I travel with A for 5 days. We visit Veliko Tarnova and Sofia and the Rila Monastery. In Veliko Tarnova I search the Internet for information on rabies and grow a little concerned that my days are numbered. A agrees to monitor my progress and let me know if I start frothing at the mouth. He goes with me to the US Embassy in Sofia as I make inquiries with the Embassy doctor about my possible rabies vaccination plan.
After Sofia we parted ways. I headed on to Macedonia and A went back to the UK. He and his girlfriend were preparing for a visit to Iran, a country Australians could visit, though Americans could not. His girlfriend was having an abaya made to wear while they traveled. A and I kept in contact for a long while. After his trip to Iran and the end of his contract in the UK, he made a plan to return to Australia entirely without flying.

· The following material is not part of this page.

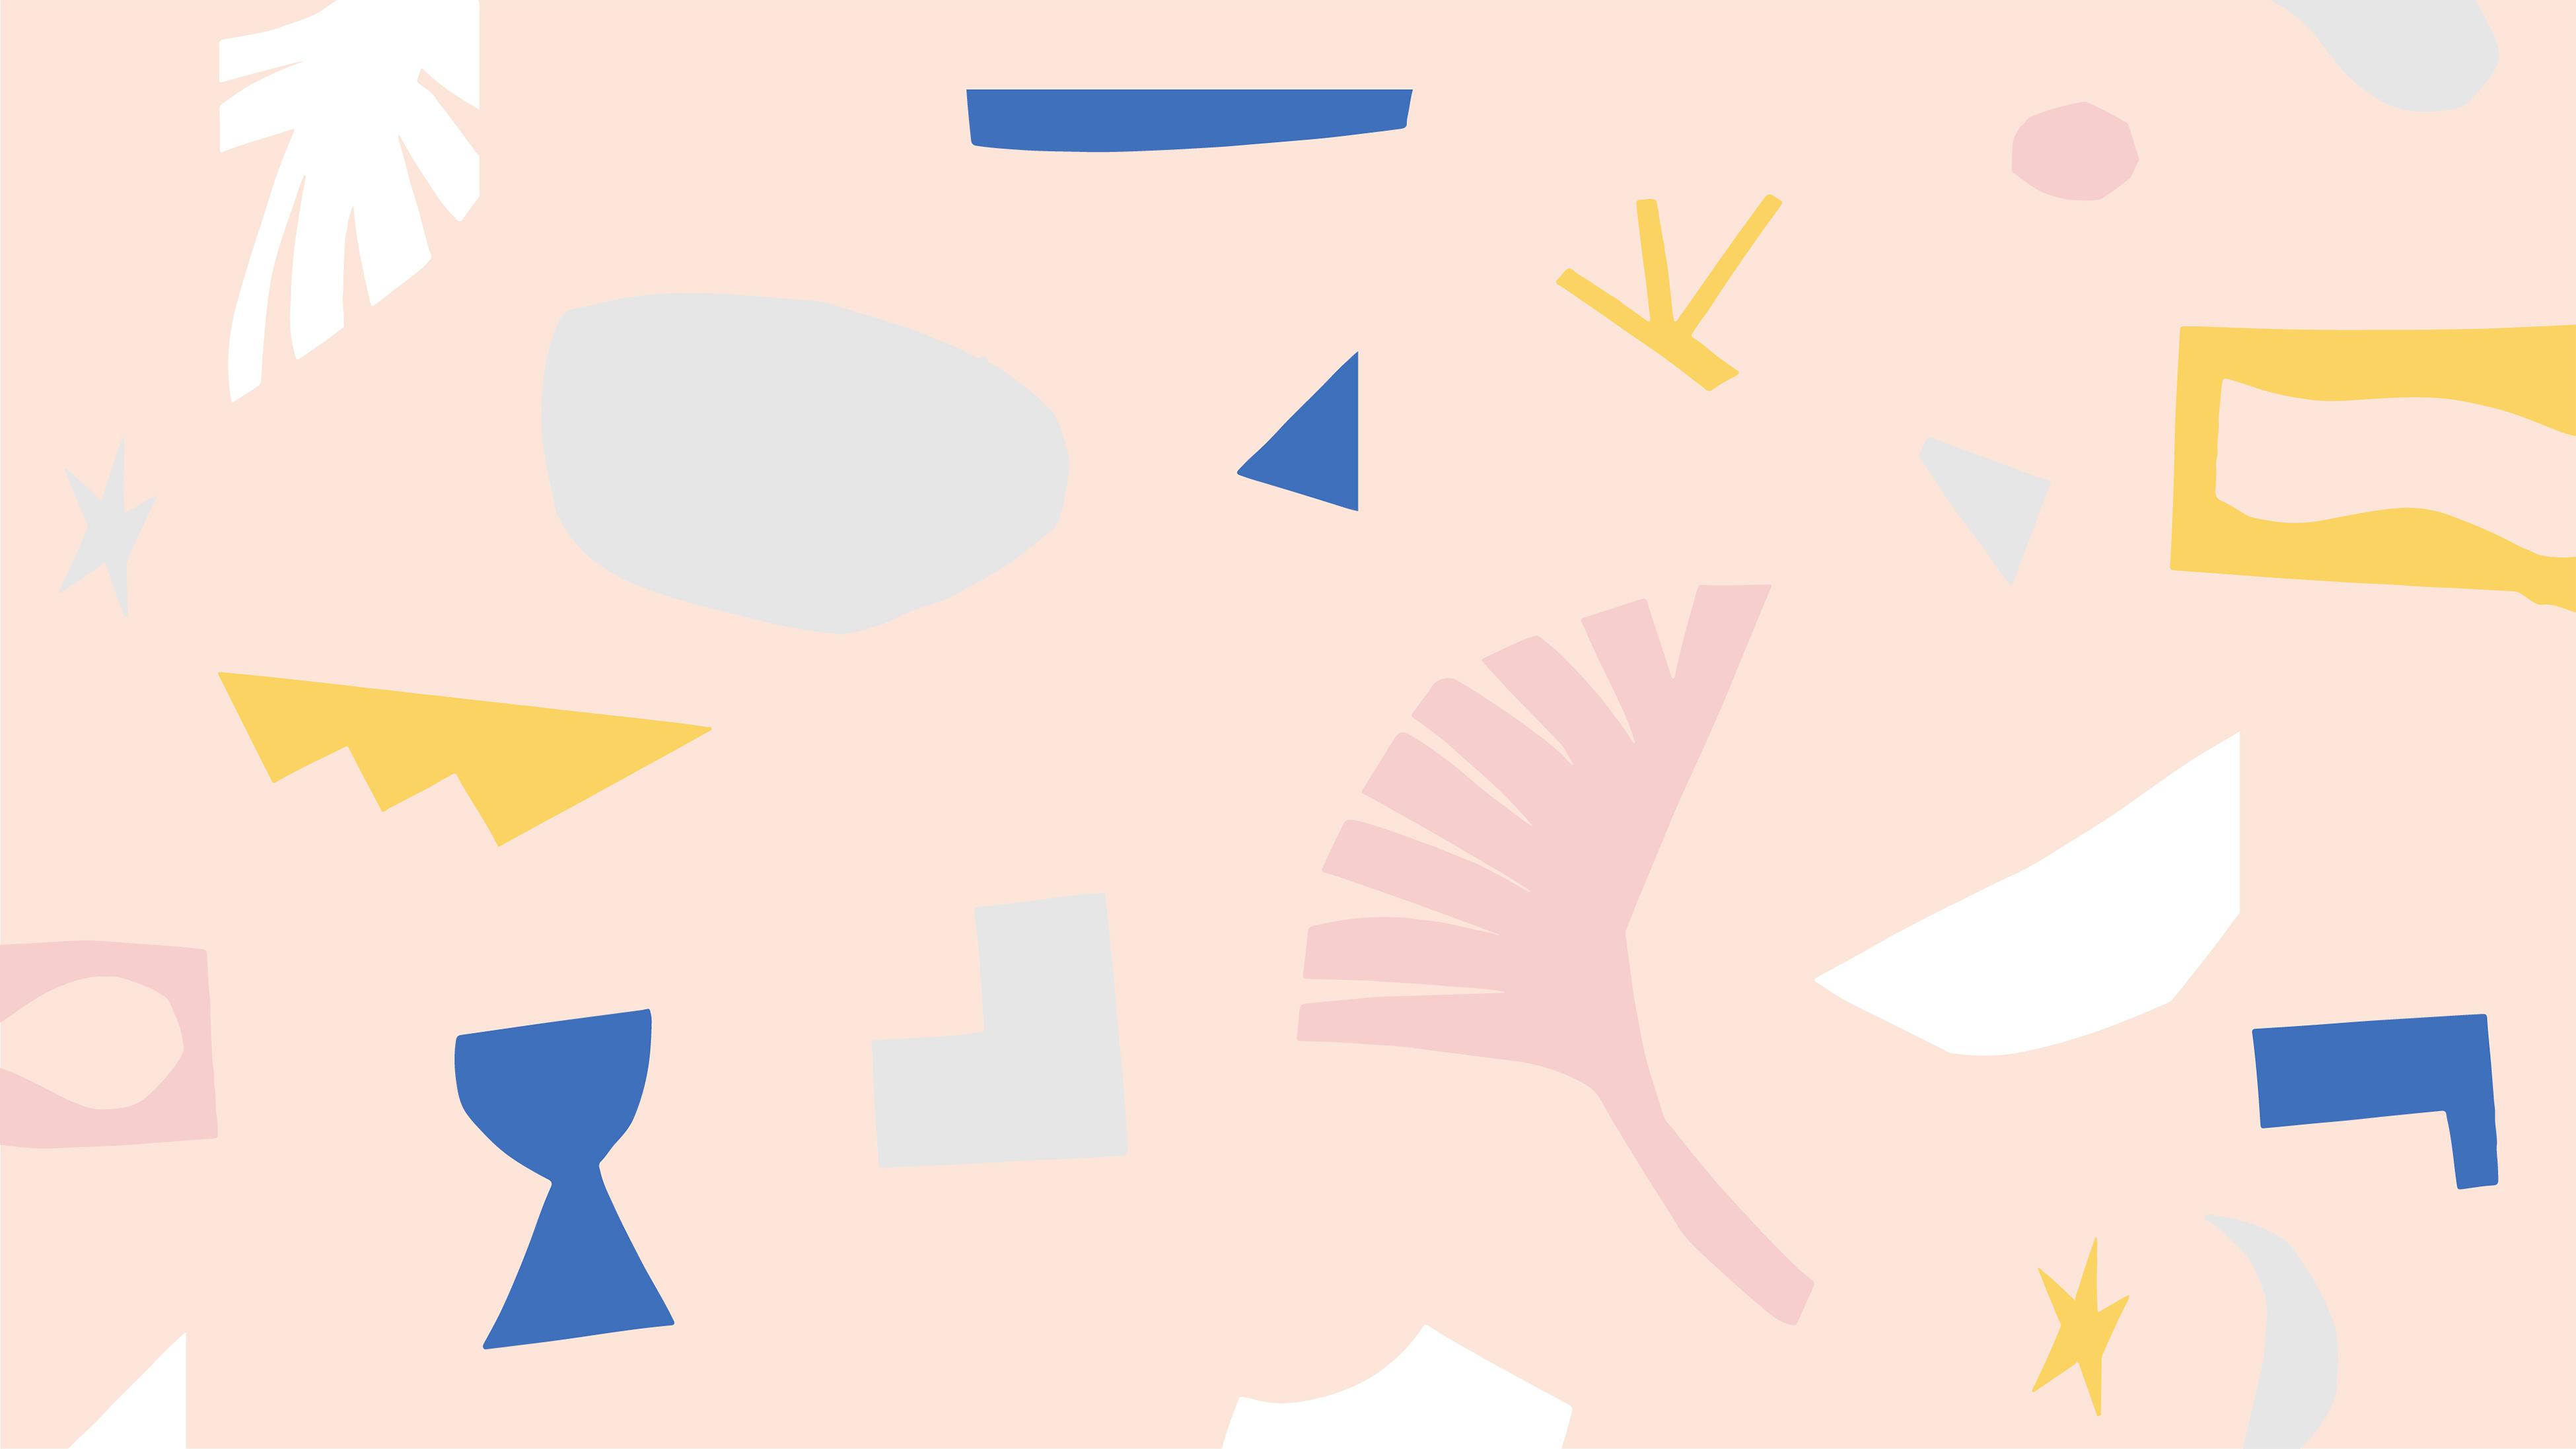 Cutout Shapes

He traveled by train across Russia to Beijing, south to Vietnam, then by bus through Southeast Asia to Singapore, then by boat through Indonesia to Bali. It was only on Bali when he learned he had missed the boat to Australia and the next would be awhile when he finally hopped on a plane. He joined Australia’s version of the Foreign Service and served in Vanuatu, then Afghanistan, when we lost tough. Until now, when returning to Australia after 3 ½ years in Pakistan, on the recommendation of a friend he joined LinkedIn.
It’s hard to believe it has been nearly 14 years since we met in a hostel in Bucharest. Those days in Romania do not seem that long ago.